Religion news 9 October

Image credit: Middle East Eye

Street violence erupts in New York after restrictions on Orthodox Jewish communities

Proposals to lock down areas in New York where large numbers of Orthodox Jewish people live, caused an eruption of violence, with fires started in the streets and crowds of demonstrators burning their face masks. New York State Governor Andrew Cuomo announced that non-essential businesses and schools would close in Brooklyn, Queens and northern suburbs where the infection rate is five times higher than elsewhere. Places of worship were singled out as areas where the virus is likely to spread and the number of worshippers will be limited. The Guardian reports that the Governor said he understood the imposition on the Orthodox communities, but after criticism from senators, he doubled down: “To the extent there are communities that are upset, that’s because they haven’t been following the original rules, and that’s why the infection spread – because they weren’t following the rules and the rules weren’t being enforced.”

School sacking did not breach religious freedom, judge rules

A former pastoral assistant who claimed her school had breached her right to freedom of speech and religion has lost her claim for unfair dismissal for gross misconduct. Employment Judge Derek Reed concluded that Kristie Higgs’s dismissal related not to her Christian beliefs, but to Facebook posts that might reasonably lead people to conclude that she was homophobic and transphobic. Ms Higgs, who worked at Farmor’s school in Fairford, Gloucestershire, was supported in her case by the Christian Legal Centre, which says it will be appeal against the decision. Christian Legal Centre and case explainer here

Jewish support for Holocaust memorial near parliament

A planning inquiry in London has been hearing evidence on whether gardens adjoining the Houses of Parliament are an appropriate site for a Holocaust memorial and visitor centre. One rabbi has told the inquiry that there should be no new memorial at all and Lord Carlile said it would be a trophy target for terrorists. But the Board of Deputies of British Jews and a former senior Rabbi to Reform Judaism support the location, and the proposal has gathered broad cross-party support from MPs and peers including the Labour leader Sir Keir Starmer. Westminster City Council rejected the plans in February, which led to this inquiry.

Police check out church service for breaking Covid-19 restrictions

The West Midlands Chief Constable has defended the action of two uniformed officers who arrived at a church service last Sunday after complaints the congregation was breaking Covid-19 restrictions. The visit to The Rock New Testament Church of God at Spring Hill caused outrage and the church leader Bishop Jonathan Jackson, accused the police of disrespect and intimidation. Birmingham Live reports that the Chief Constable Dave Thompson said the action had been misrepresented. The officers had arrived after the service: “They were present for a very short period of time and did not enter the church. They closed the call indicating the church was fully complying with regulations. This is exactly how they are expected to carry out their duties.”

German Catholics and evangelicals continue to discuss shared communion

The German Catholic bishops’ conference and the council of the Evangelical Church in Germany are continuing discussions about shared Communion, despite objections from the Vatican. They are seeking a solution to an anomaly when a married couple, from different denominations, cannot join together at one communion table because of church rules and tradition.

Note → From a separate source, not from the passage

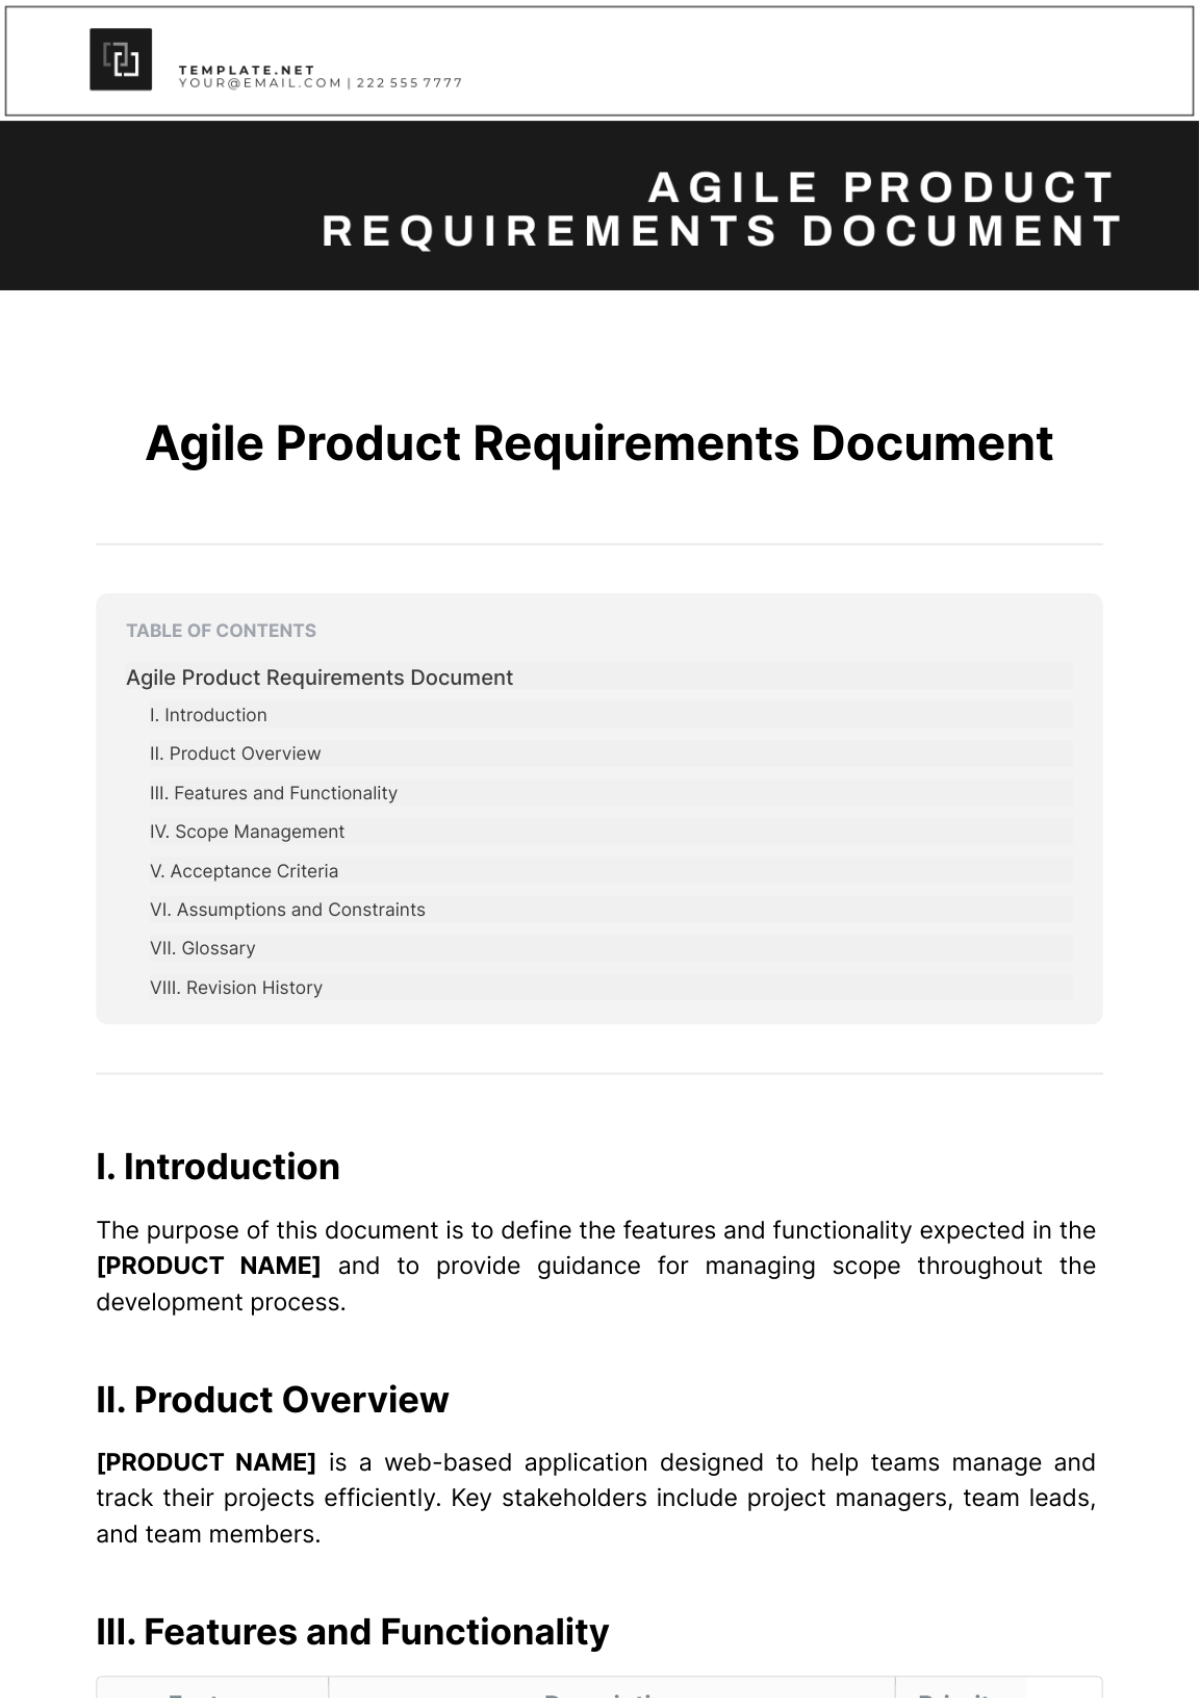 Agile Product Requirements Document Template

Catholics believe the bread and wine become the body and blood of Christ; Protestants say they represent the body and blood. Two years ago German Catholic bishops were about to issue guidance on protestants taking communion, but the Vatican blocked it. At the time, Pope Francis asked the bishops to continue working together to find broader consensus on guidelines.  

Islamic street market opens in Norwich

A street market based on Islamic principles of fair trading, has opened in Norwich. The Norwich Free Market  is a collaboration between he Ihsan mosque and Islamic Centre and the Open Trade Network. Traders are not taxed or charged rental, and undercutting is not permitted. The founders say it is a form of “community hub for traders, makers, bakers, artists, growers and street food vendors” and is an opportunity for Muslims to make a difference to society, through looking after people. The Middle East Eye  reports that Norwich already has a famous, traditional English market dating back to the 11th century, with permanent stalls in the city centre, but the Norwich Free Market runs one day a month and  is a response to the pandemic, as some of the stalls are run by traders who lost their jobs during lockdown.